Hugh Masekela (photo: Brett Rubin)

There’s an extraordinary photo of the 16-year-old Hugh Masekela taken in the South African township of Sophiatown in 1955 on the day he received a new trumpet sent from America by Louis Armstrong. 

The image of him leaping for joy with the instrument waved triumphantly above his head personified so much about both his music and his spirit.  

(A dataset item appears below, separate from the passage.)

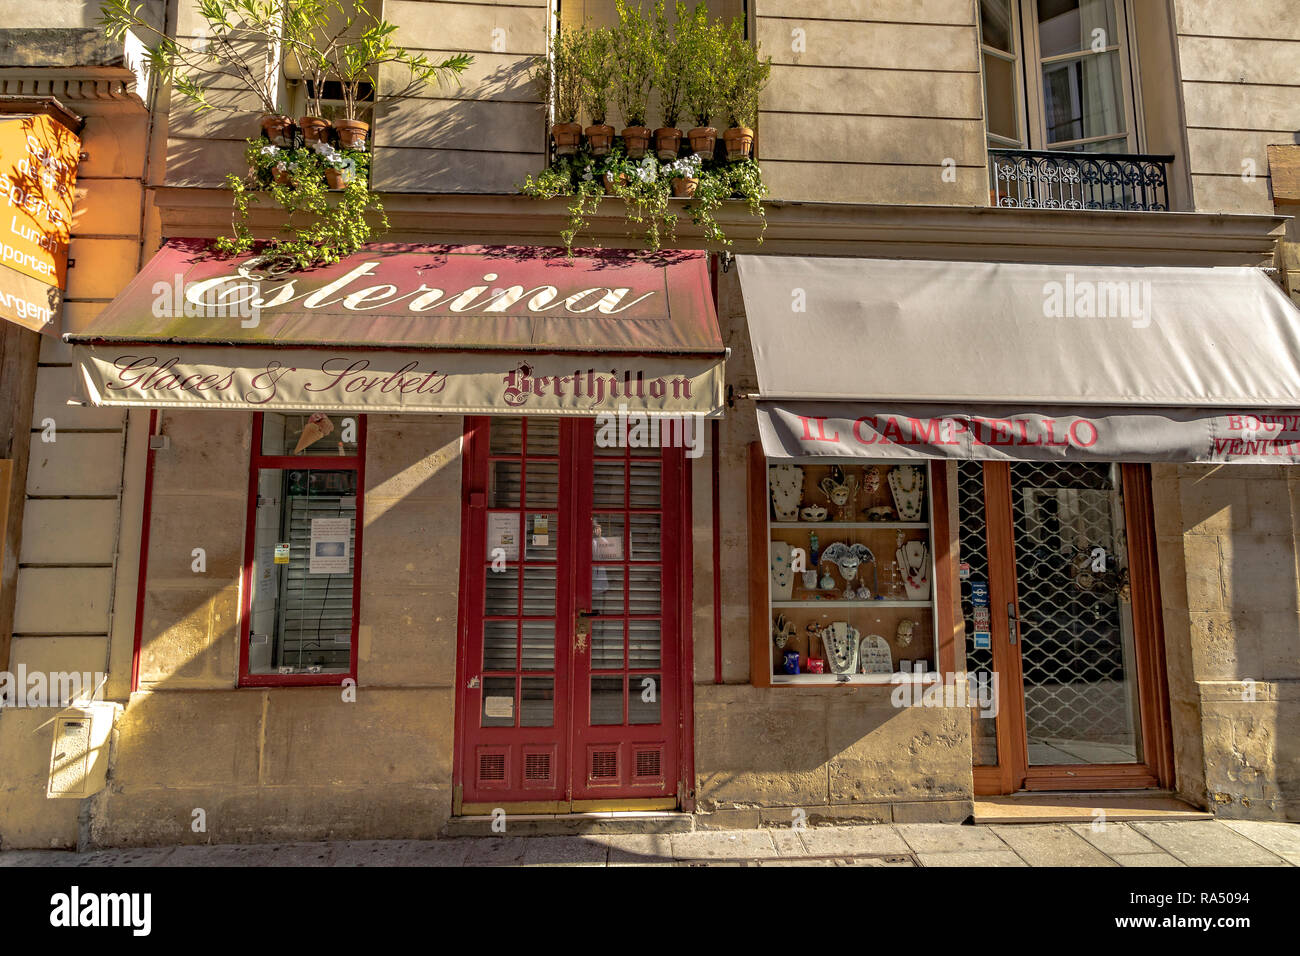 Esterina glaces and sorbet shop and Il Campiello a decorative mask shop on  Rue Saint-Louis en l'Île ,Île Saint-Louis,Paris Stock Photo

Hugh Masekela (photo: Brett Rubin)

Hugh Masekela (photo: Brett Rubin)

Songs such as ‘Stimela’, on which he recounted the hardship of black migrant workers in South Africa’s coal mines, or ‘Soweto Blues’, which he wrote for his ex-wife Miriam Makeba to sing after the 1976 township massacre, chronicled the struggles and sorrows of his people. Yet his music was imbued with a resilient joy and a defiant hope that one day his country would be free.  

Hugh Masekela (photo: Brett Rubin)

Hugh Masekela (photo: Brett Rubin)

By 1960 he was in exile in America, where Miles Davis gave him some advice that shaped his musical vision. You’re just going to be a statistic if you play jazz,’ Davis told him. ‘But if you put in some of the stuff you remember from Africa, you’ll be different from everybody.’ 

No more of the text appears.